Littlewood R, Lipsedge M
Psychol Med. 1981 May;11(2):289-302. doi: 10.1017/s0033291700052119.
Various studies have shown: (i) increased rates of psychoses in immigrants to Britain, and a particularly high rate of schizophrenia in the West Indian- and West African-born; and (ii) a greater proportion of atypical psychoses in immigrants. A retrospective study of psychotic inpatients from a London psychiatric unit demonstrated increased rates of schizophrenia in patients from the Caribbean and West Africa.

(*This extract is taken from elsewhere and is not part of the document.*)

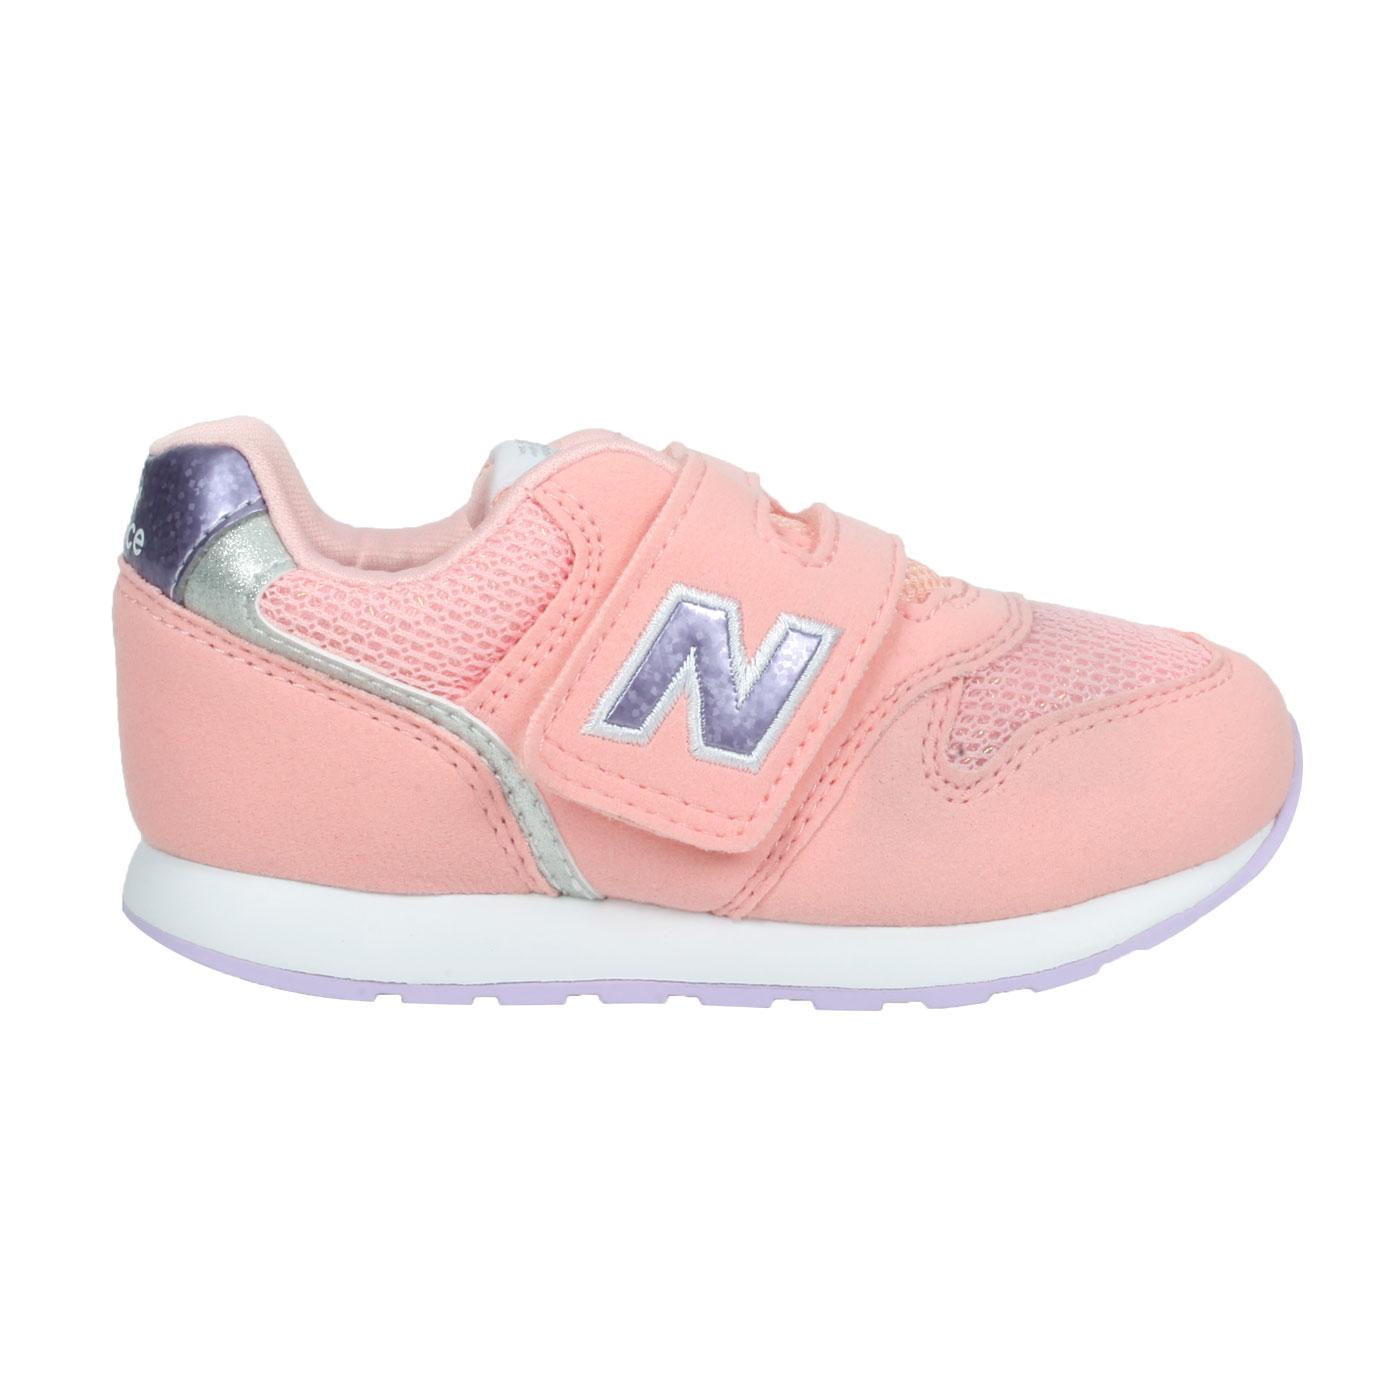 NEW BALANCE 小童休閒運動鞋-WIDE IZ996UPN - 粉橘紫
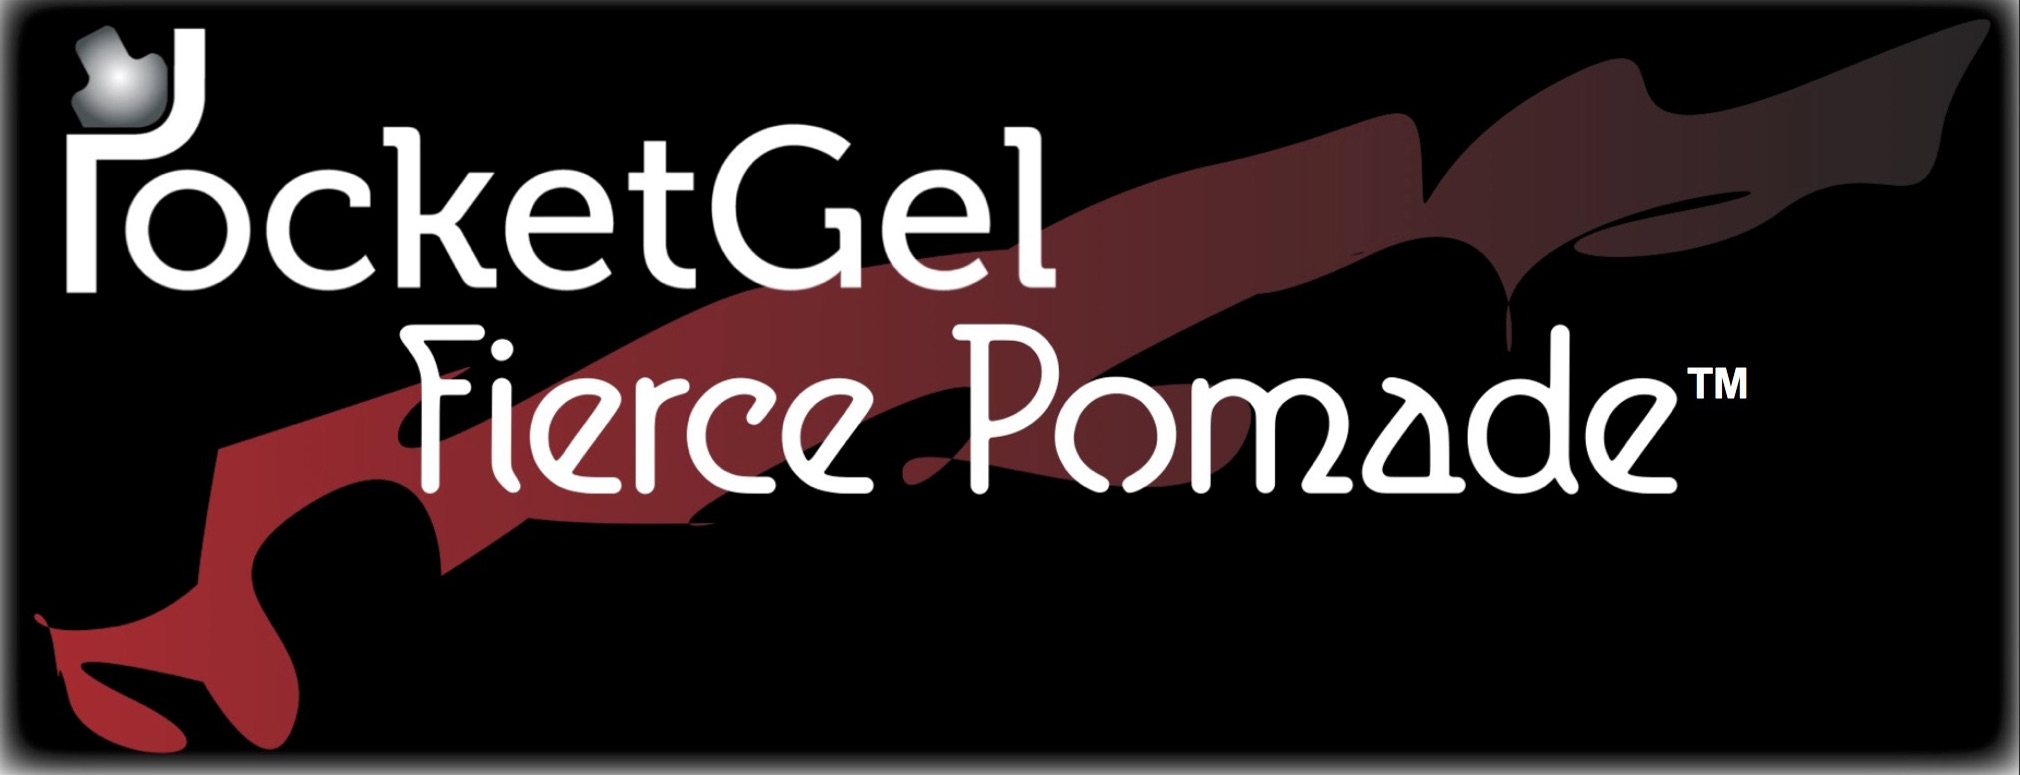 PocketGel Fierce Pomade

These patients included a high proportion of those with paranoid and religious phenomenology, those with frequent changes of diagnosis, formal admissions, and married women. The West Indian-born had been in Britain for nearly 10 years before first seeing a psychiatrist and, if they had an illness with religious symptomatology, were likely to have been in hospital for only 3 weeks. Rates of schizophrenia without paranoid phenomenology were similar in each ethnic group. It is suggested that the increase in the diagnosis of schizophrenia in the West Indian-born, and possibly in the West African-born, may be due in part to the occurrence of acute psychotic reactions which are diagnosed as schizophrenia.
(i)移民到英国的人群中精神病发病率上升,在西印度和西非出生的人群中精神分裂症发病率尤其高;(ii)移民中不典型精神病的比例更高。一项对伦敦一家精神病科住院精神病患者的回顾性研究表明,来自加勒比地区和西非的患者中精神分裂症发病率上升。这些患者中很大一部分具有偏执和宗教现象学特征,诊断频繁变化,有正式入院记录,且已婚女性居多。在西印度出生的人在首次看精神科医生之前已在英国生活了近10年,而且如果他们患有伴有宗教症状的疾病,住院时间可能仅为3周。各民族中无偏执现象学特征的精神分裂症发病率相似。有人认为,在西印度出生的人以及可能在西非出生的人中精神分裂症诊断增加,部分原因可能是出现了被诊断为精神分裂症的急性精神病反应。